Tagliollini with mint and lemon

What a brilliant recipe! We had dinner, yesterday, in a restaurant close to the main square in Nizza Monferratto, inside what were once the gardens of an old Renaissance Palace, the Palazzo Crova.

Those of us who had gone to Sarah and Ed’s wedding were having dinner to say goodbye and we were presented with a dish that, for me, at least, was a real surprise, both because of how simple it is to prepare and how complex it tasted.

It was a real taste sensation!

We were given a choice of eggplant pastry or vitello tonnato for the appetizers. Both using local ingredients. And both of which were wonderful. Because I’m still on the Dukan Diet, although it was really tough to stay on it all weekend in Italy, I chose the vitello. But the surprise came with the entrées: we could choose between tagliollini with a meat ragout, meat pie, which I was what I plumped for, staying as close to my diet as possible, or… Tagliollini with mint and lemon.

The head waiter recommended the latter, telling us it was the house specialty and would be perfect for dinner that day, given the still warm temperature that evening. If I’m honest, I didn’t really pay much attention to his advice. Let’s just say that almost all of us on the table went for what we knew. Except for Ed’s sister, who decided to experiment a little, as she later confessed. And it was a great thing that she did…

When it arrived to the table, as soon as she tried the first mouthful, she smiled and told us she wasn’t going to be sharing. Well, that whet our appetites just enough to get over our skepticism, even though we still figured she was kidding… So we all had a bite of her pasta.

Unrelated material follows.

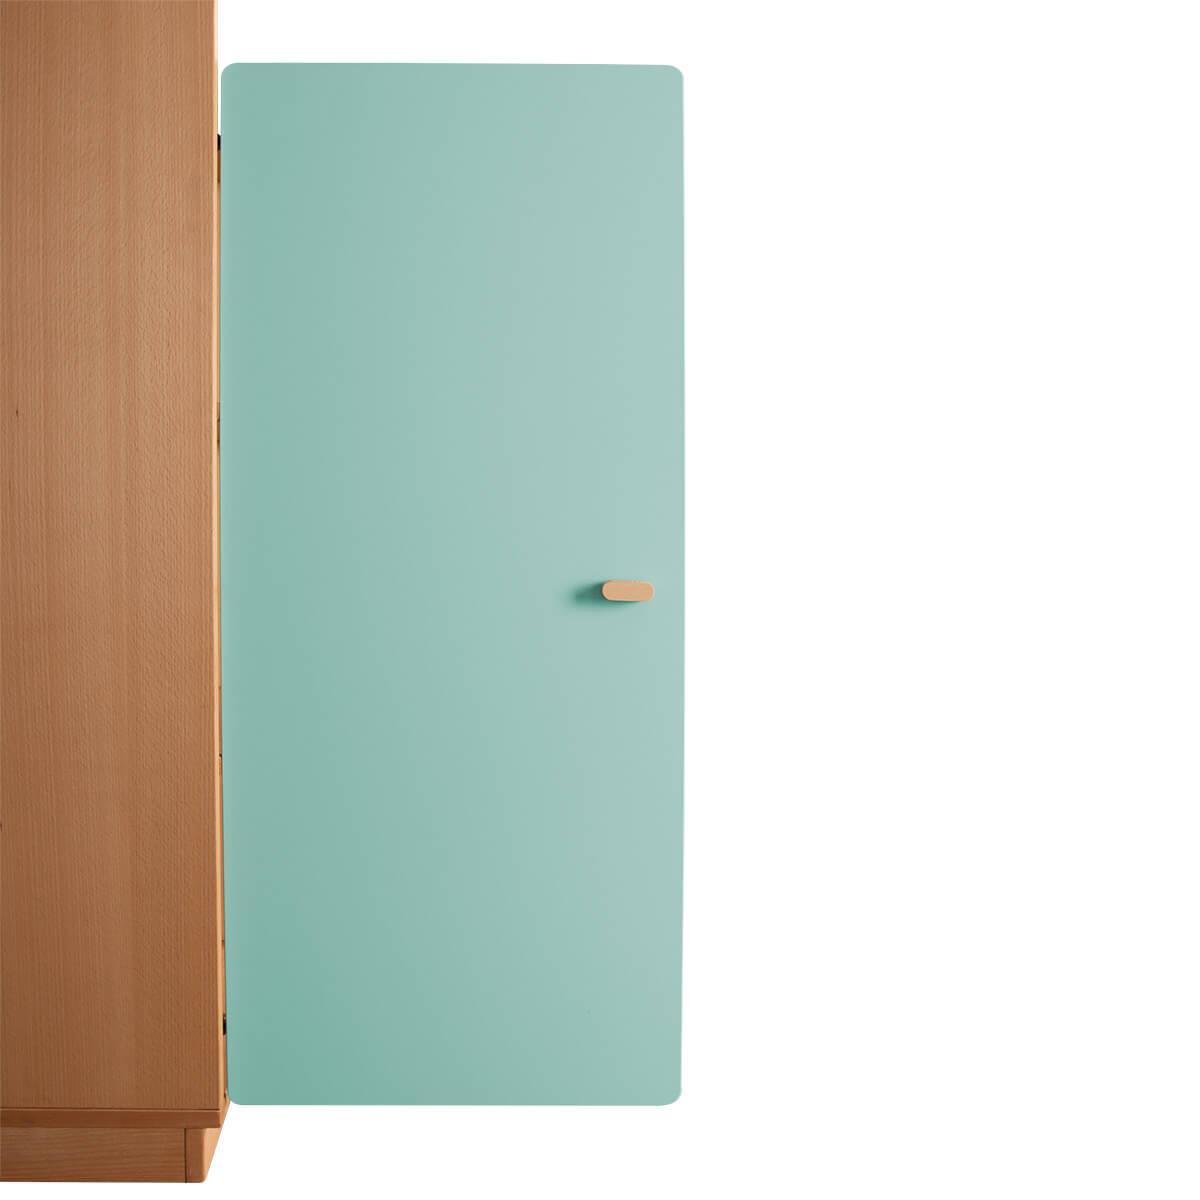 Schranktür 3/5 106cm-Griff DESTYLE de Breuyn MDF mint-lackiert

I can’t even begin to describe how good it was. Truly. I believe I’ll remember the taste for a very long time. In fact, I don’t think I’d had a similar sensation since I had been in Los Angeles a few weeks before and eaten at José Andrés’ restaurant, The Bazaar, when I tried the deconstructed olives which burst in the mouth like a bubble and flooded the taste buds with the essence of olives. That night, especially as José Andrés was sitting at the table with us, I was expecting something special. But, that second night, there in in Nizza Monferratto, in the middle of Piamonte, I was certainly not ready for such a sensation. And that, without a doubt, makes it even more special.

The recipe is simple, really, really simple, which makes it even better. But I don’t think it’s a good idea to share it. Because, if I do, how on earth am I going to be able to surprise my friends when I next have them over for dinner? And, bearing in mind I hope to soon have a few days vacation, it might be just the time to get busy in the kitchen!

As a famous Spanish bullfighter would say, you need two words to describe how good it is: Im… Pressive!

In the photo, you can see Maria Doolan standing at the entrance to the restaurant’s gardens.